Chauncey Secrist’s sculpture, “Salt Lake Salacia,” is an object shaped like a large summer squash, but made entirely of salt crystals. Secrist created the piece as a kind of icon for/to the Roman goddess of saltwater, Salacia. Secrest writes that, “If Salacia were to take up residence in a landlocked area anywhere in the world, our own Salt Lake might seem like prime real estate. It is an area that, for me, has become kind of holy. It is a place to which I make periodic pilgrimages to take photographs, to connect with nature, and to experience a kind of peaceful isolation and stillness in a frantic world that is in perpetual motion.” In many of the essays in the exhibition catalog, artists write about Great Salt Lake as having a personal sacred resonance.

Loe says that for her the through-line of the show at its most basic, though, is about process. It wasn’t obvious to her until the show was up, and she was walking through the exhibition that she realized that as a curator, she’s very interested in process. “Every single artist had a really different process that they were very much in love with and doing,” Loe says, and that process was, “indicative of who they were as artists.” Perhaps creating an exhibition around a subject as elemental as salt reveals something elemental about the artists themselves. And while that manifests as an emotional depth in some and a mystical bent in others, for some it’s mischief. For others, beauty.

The exhibition also includes several beautiful pieces by printmakers, as well as several drawings. In the upstairs loft space of the gallery just one artist is featured.
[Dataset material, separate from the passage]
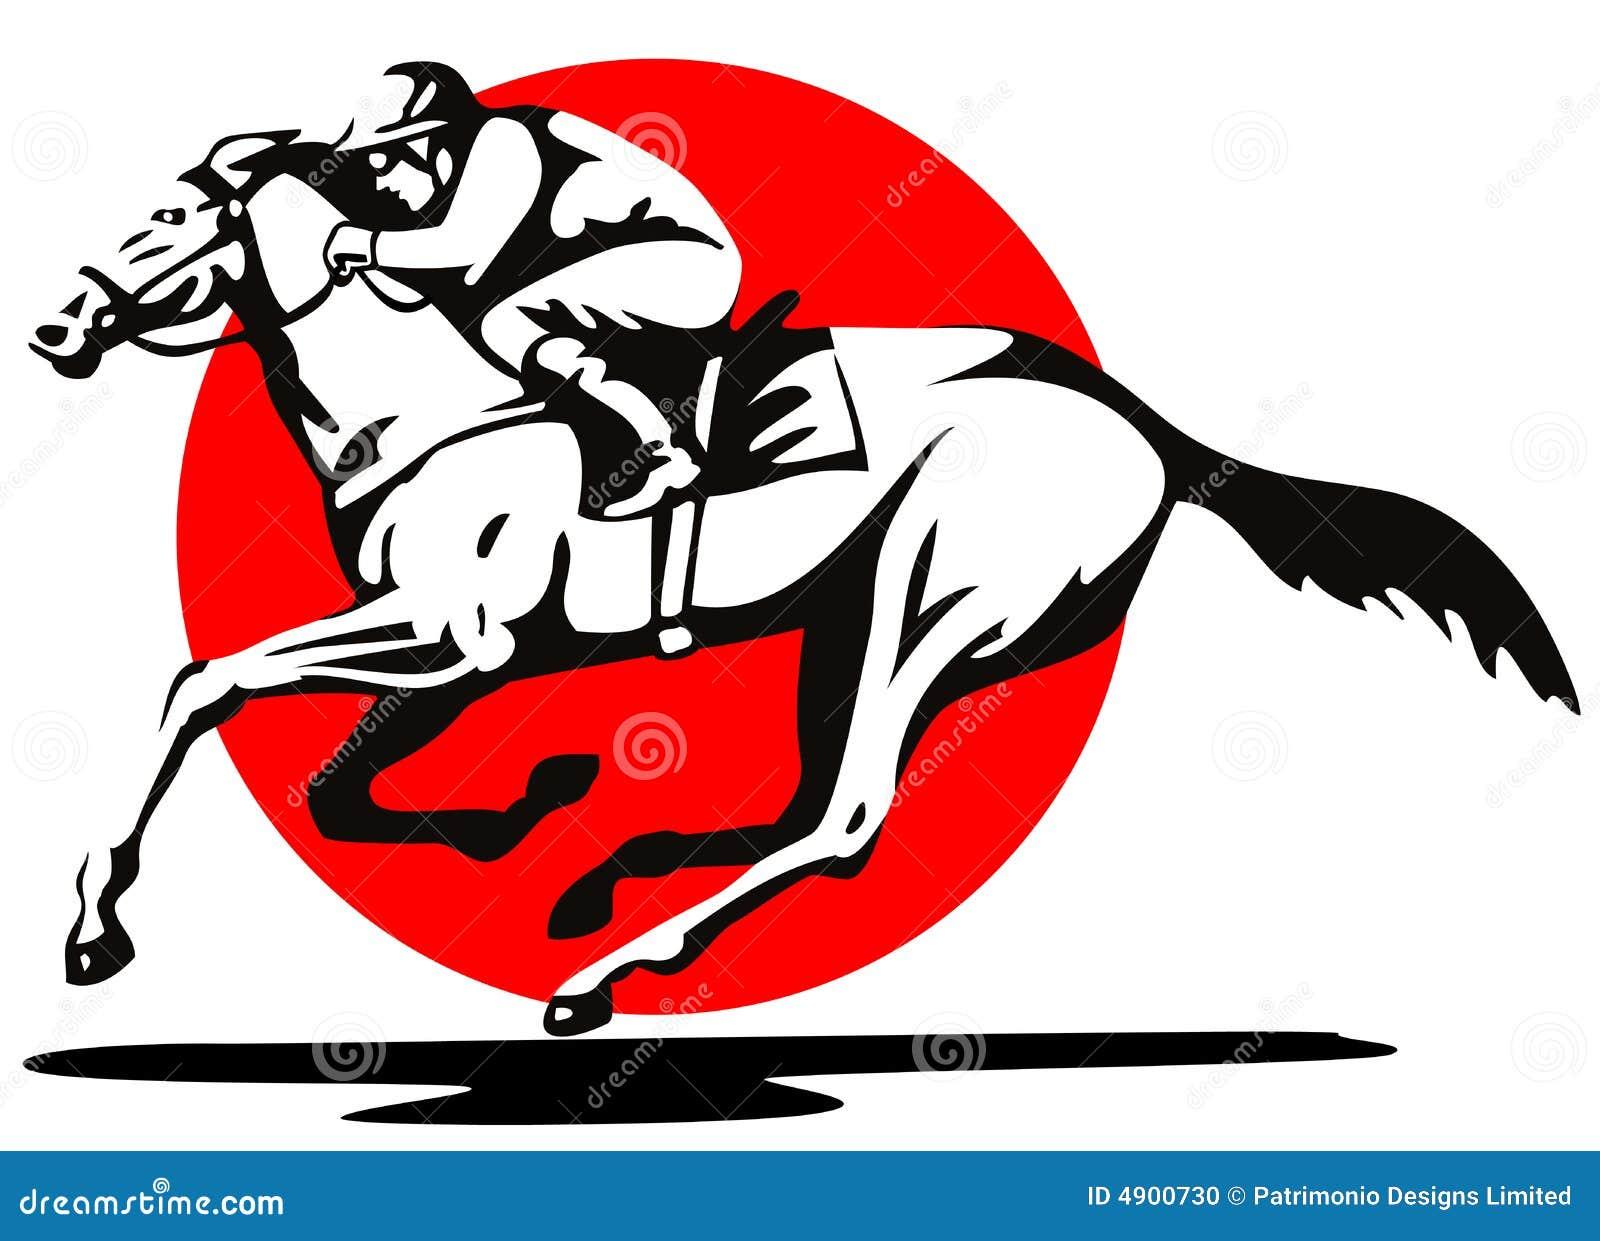 Horse Racing Clip Art Horse racing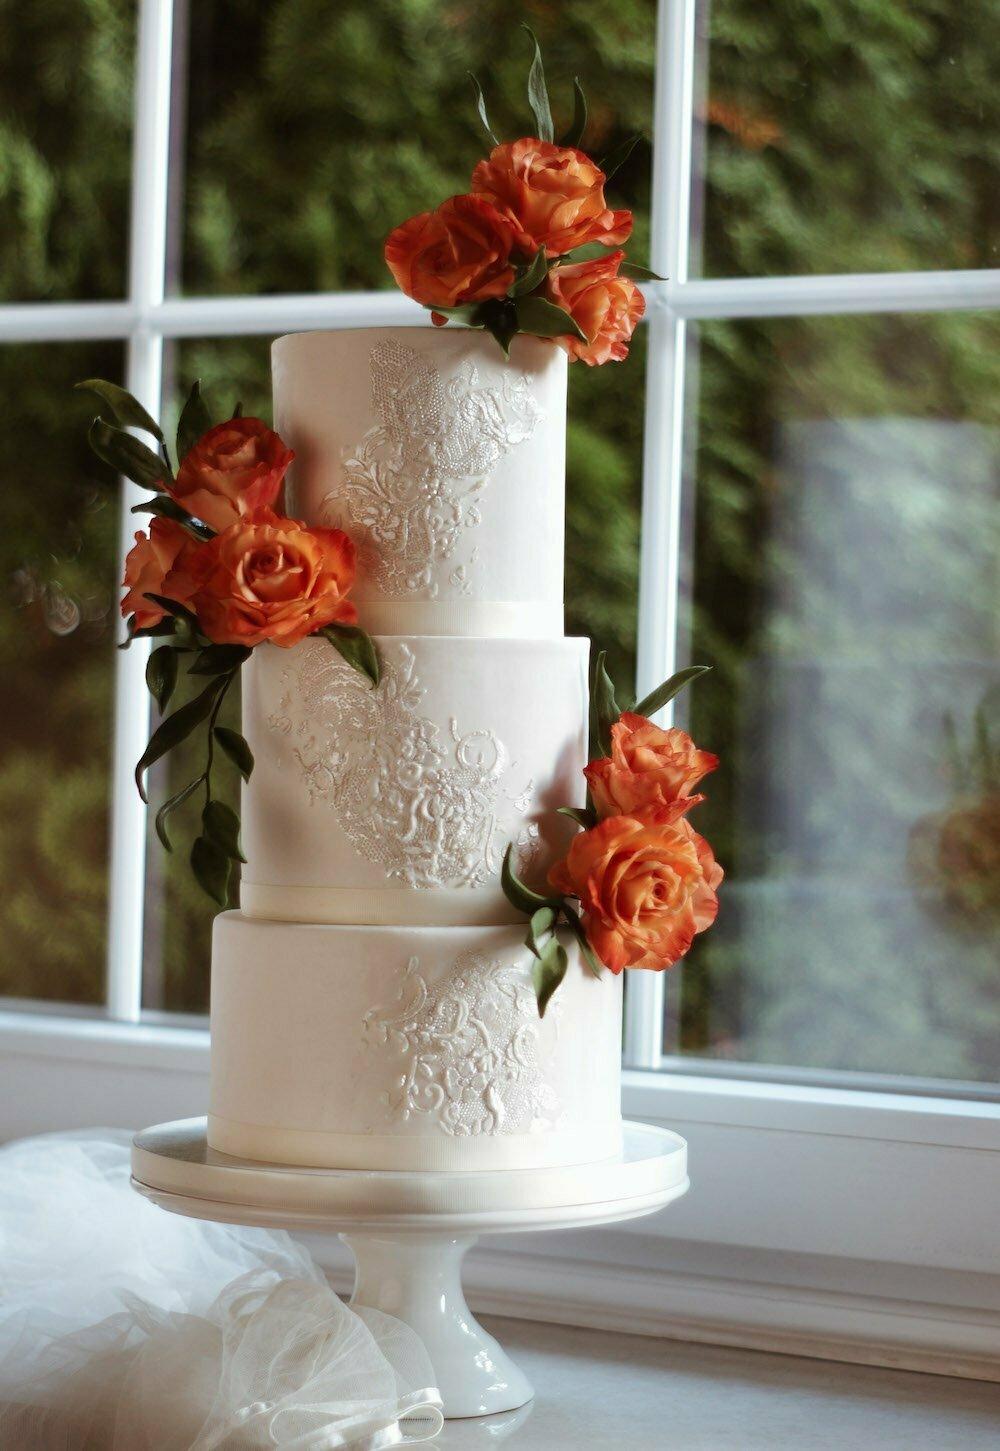 ArtOfCakeNY Gumpaste Roses Cake

Eleven pieces by Holly Simonsen line the three walls of the space, while a plinth bearing a buffalo bone from Antelope Island sits in the center. Simonsen calls her pieces pre-alphabetic glyphs, created after Simonsen kayaked from “Lee Creek to Antelope Island, Fremont Island, Saline, Promontory, Carrington, Stansbury, Salt Mounds, Evaporation Pools, Black Rock, and back to Lee Creek.”  The glyphs are the result of her experience of 11 different conversations with women at 11 points along the southern portion of Great Salt Lake. They are painted on black paper with a mixture of salt and breast milk, and for Simonson communicate the process of working backward into the elemental sources of language.

It is fascinating to move with the artists through their exploration of salt, and of the lake. The space is reverent, but also, when you get closer, irreverent. There is an exploration of the molecular structure of salt, as well as the vast, sweeping landscape of the lake. There is time, both the present moment, and the past that stretches to the furthest reaches of human imagination. There is the body in the landscape, the body as landscape, the salt as the body. Salt as medium, salt as muse, salt as process.